The 12 Mysteries of Christmas, Day 12: But Jesus Wasn’t Born on December 25!

Birth of Jesus Matthew 2:1

On the 12th day of Christmas, my true love queried me: “Why do we celebrate the birth of Jesus on December 25 when scholars disagree on the actual date?”

Dear Soul,

Are you implying that all those Christmas cards I sent over the years depicting a snow-covered Nativity were a fraud?

Fact is, it’s impossible to know when Jesus was actually born because the Bible is silent on the subject.  Apparently its writers considered the matter unimportant. But that hasn’t stopped speculation on the subject for centuries. One school points out that the Gospel of Luke’s mention of shepherds tending their flocks by night when they heard the news indicates that it was lambing season, or spring. Another argues that sheep reserved for Temple sacrifice would have been grazing freely even in winter. Still others think the most likely time was in September.
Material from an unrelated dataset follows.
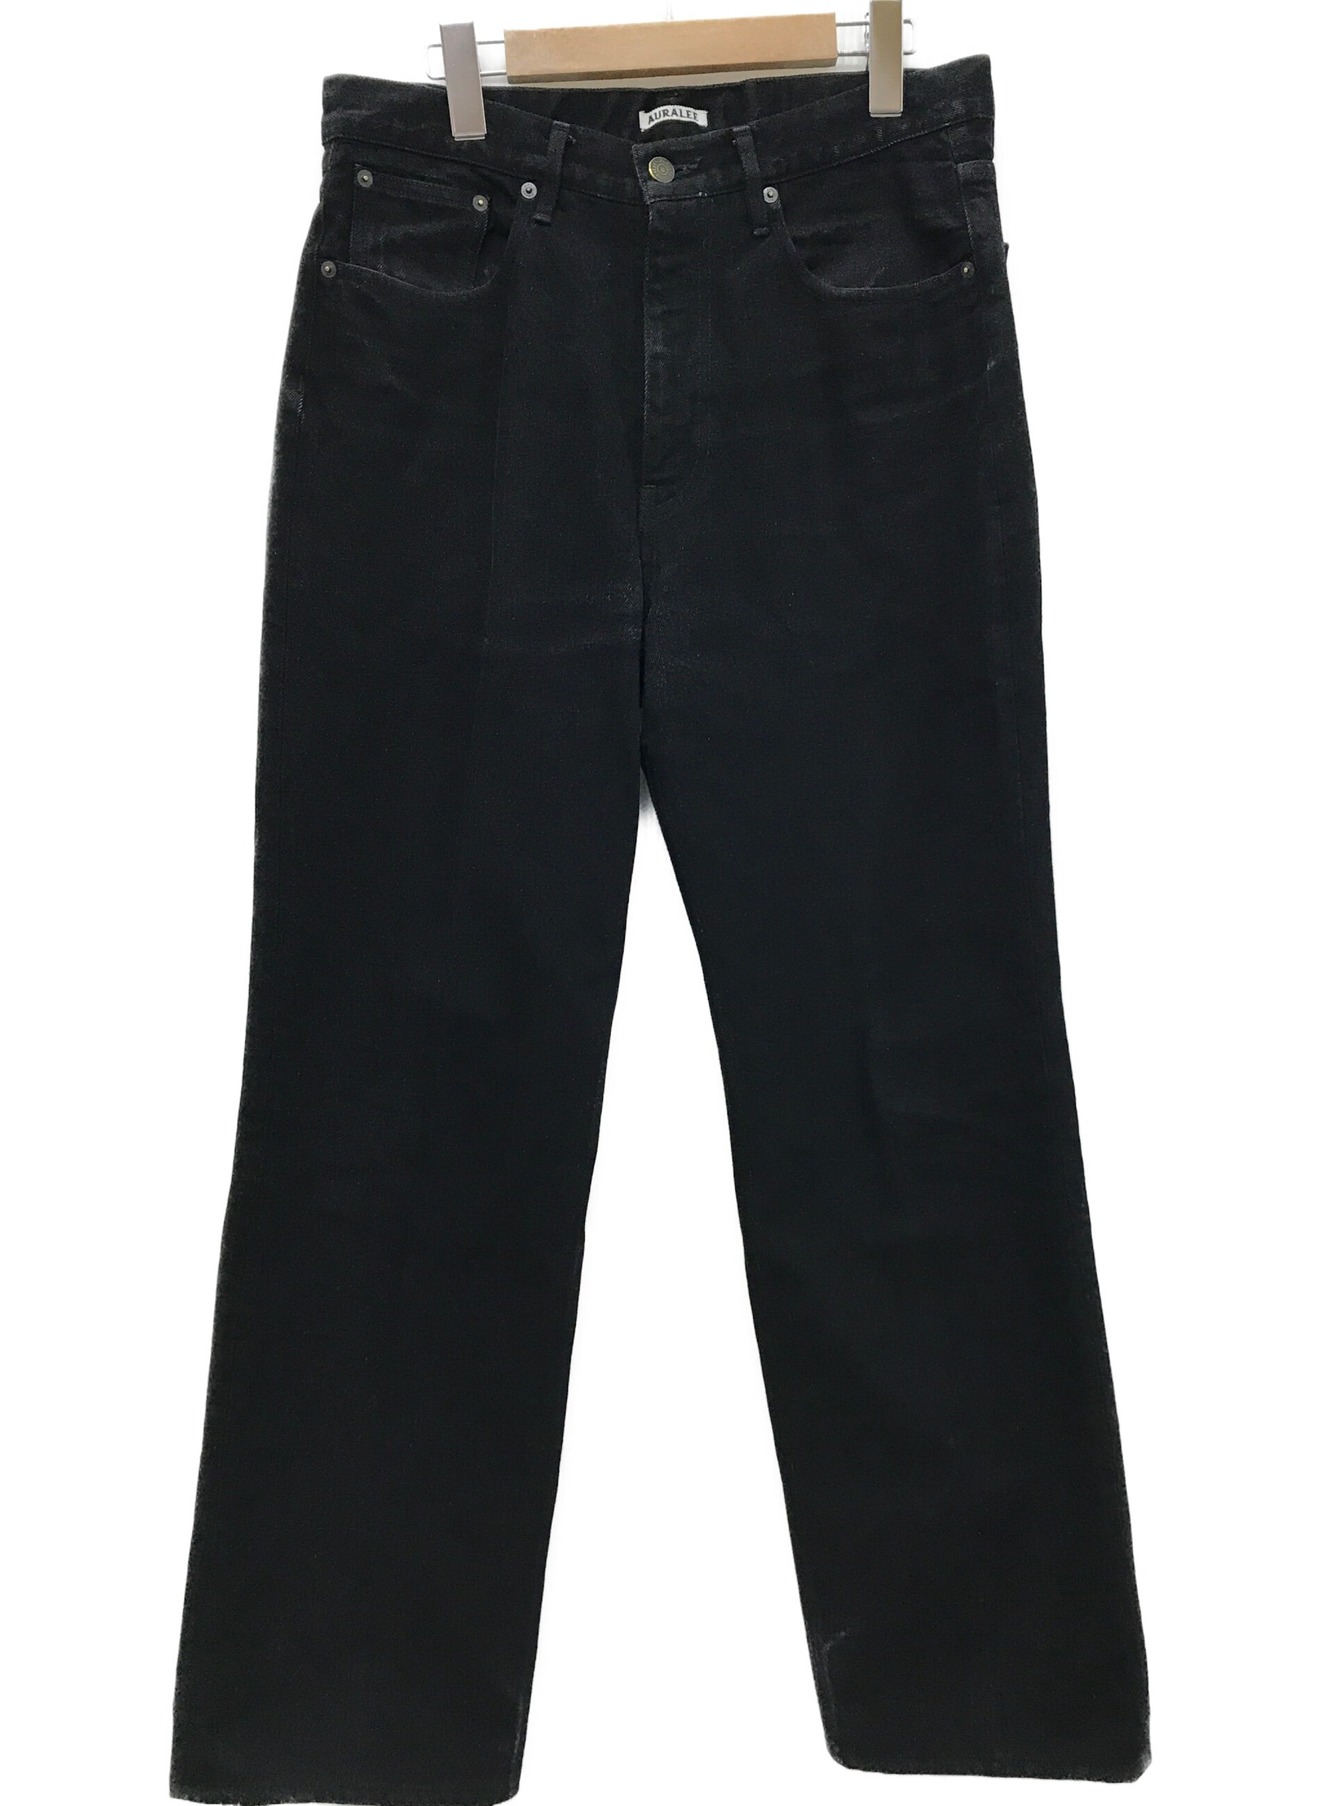 AURALEE (オーラリー) HARD TWIST DENIM 5P PANTS ブラック サイズ:81cm (W32)

Whatever the case, the church did not assign the Nativity to December 25 until the beginning of the fourth century, possibly because they wanted it to coincide with pagan festivals honoring Saturn (Roman god of agriculture) and Mithra (Persian god of light).

It should be noted that some have chosen not to celebrate the world’s most famous birth at all. Early church father Origen stated that “only sinners like Pharoah and Herod . . . make great rejoicings over the day on which they were born into this world.” The Puritans of 17th-century Massachusetts banned the holiday because there was no Biblical basis for a December 25 festivity, as well as for what they considered its pagan roots. Some modern Christians also adhere to the latter reason.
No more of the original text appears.